**WHAT YOU NEED TO DO:** Using the entries that follow, transcribe only the lines from the line with "So Hard - EP/ Single" to the line with "Vaanam 2011 UNCUT", both included, exactly as they stand and without pictures.

**EXTRACTED INFORMATION:**
+===+

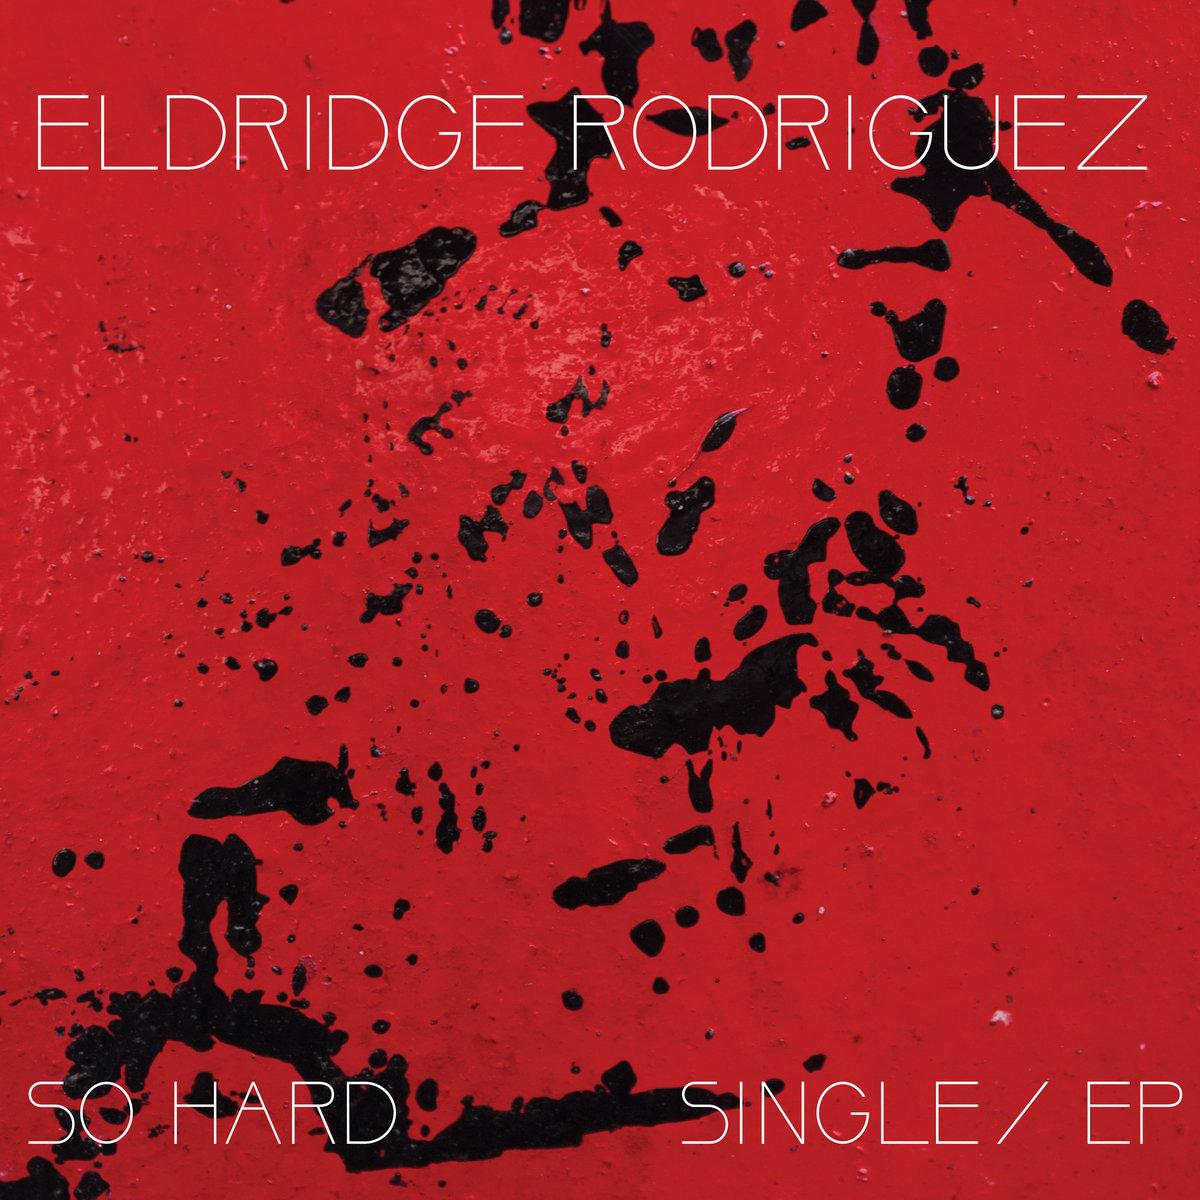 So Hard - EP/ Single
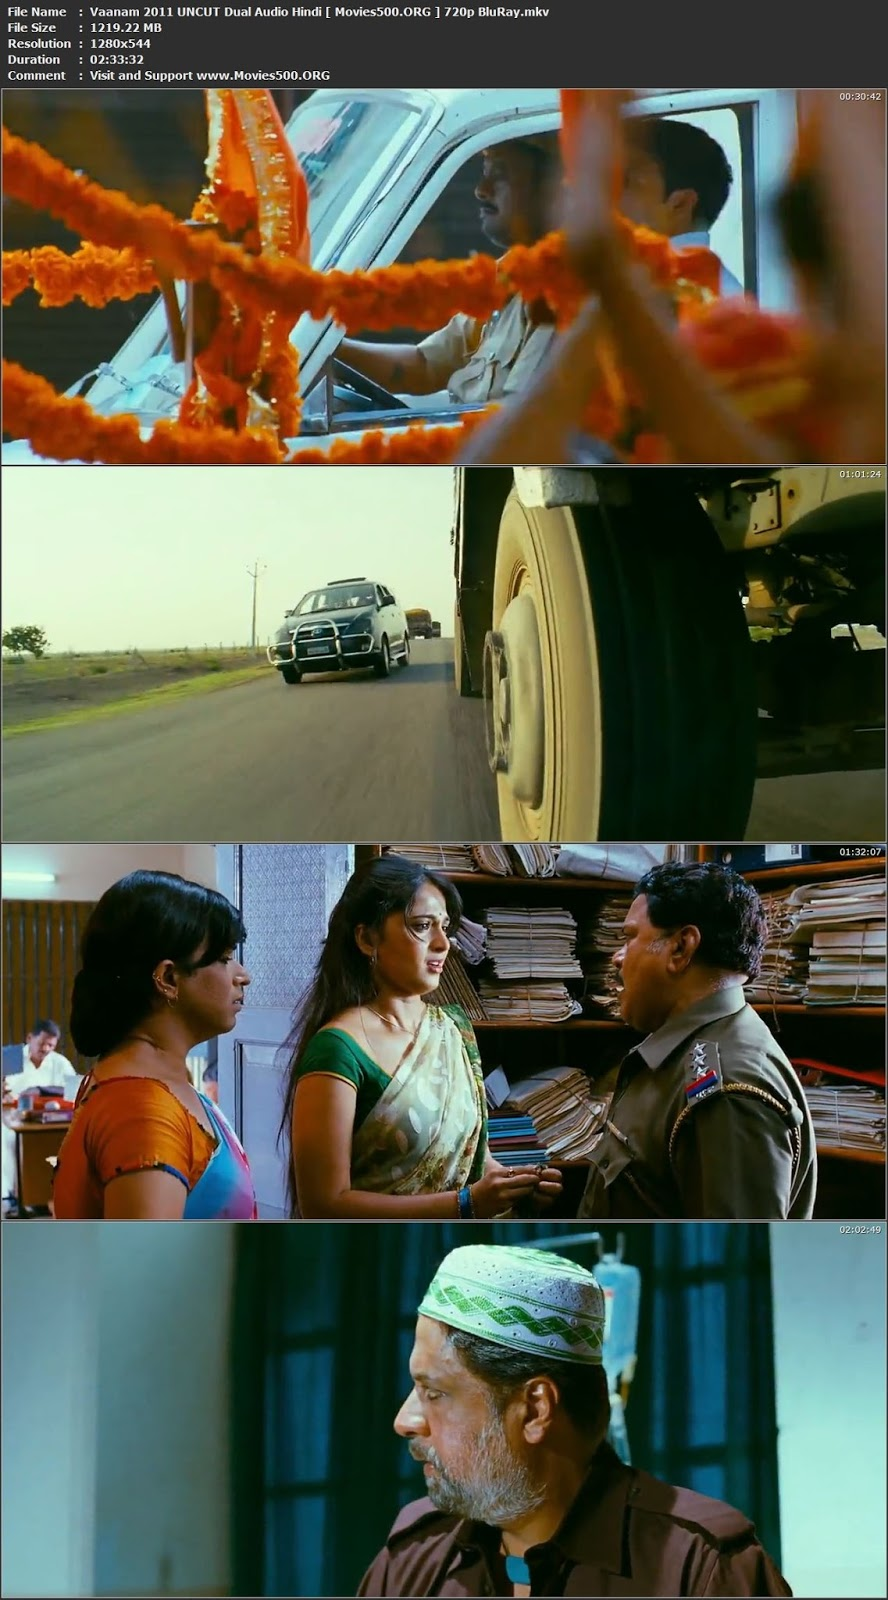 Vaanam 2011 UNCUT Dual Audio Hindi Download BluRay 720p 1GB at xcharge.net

+===+

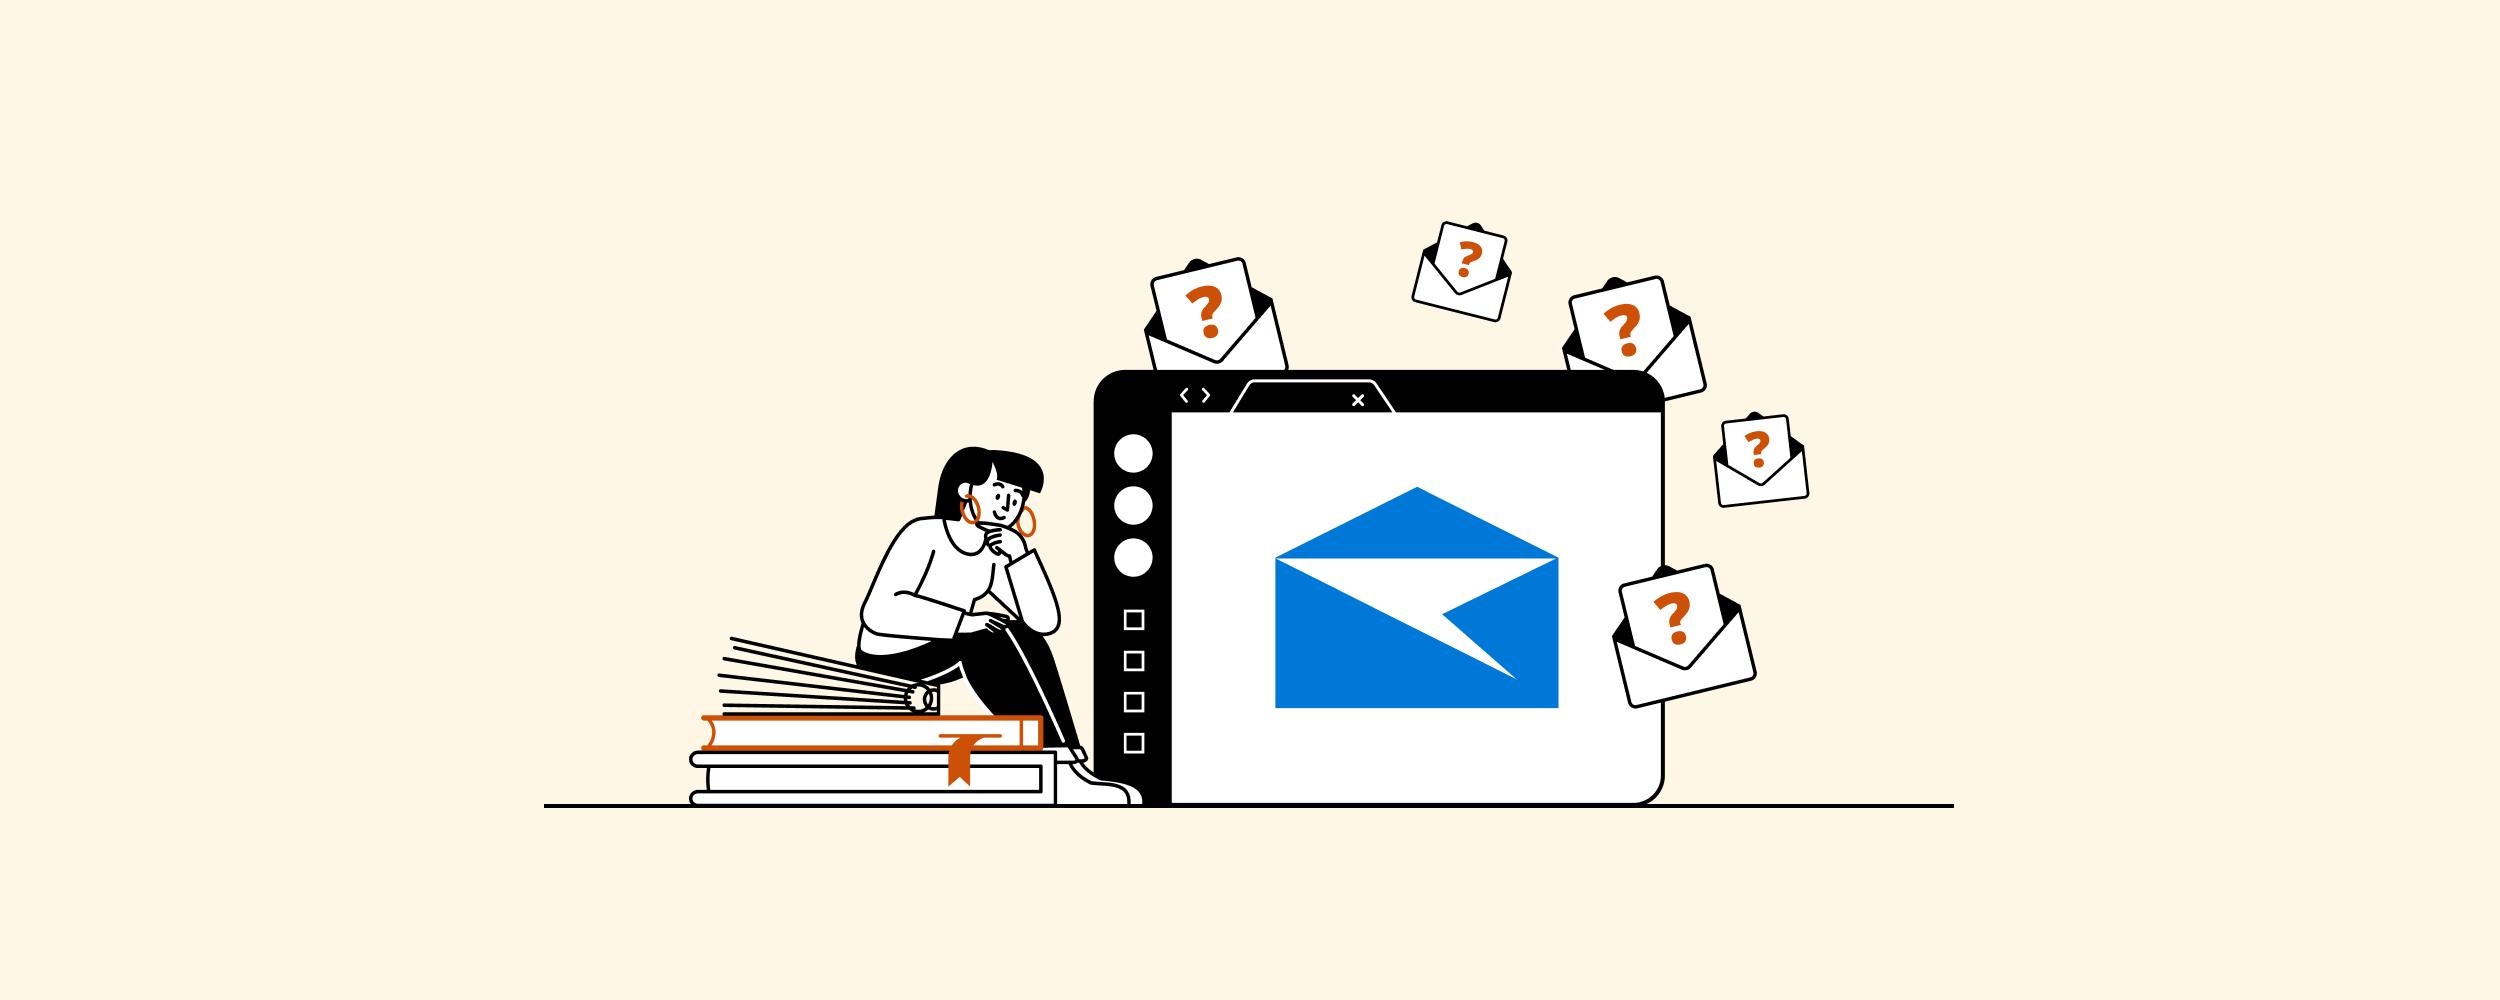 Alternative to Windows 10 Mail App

+===+

**ANSWER FOR THE TASK:**
 So Hard - EP/ Single
 Vaanam 2011 UNCUT Dual Audio Hindi Download BluRay 720p 1GB at xcharge.net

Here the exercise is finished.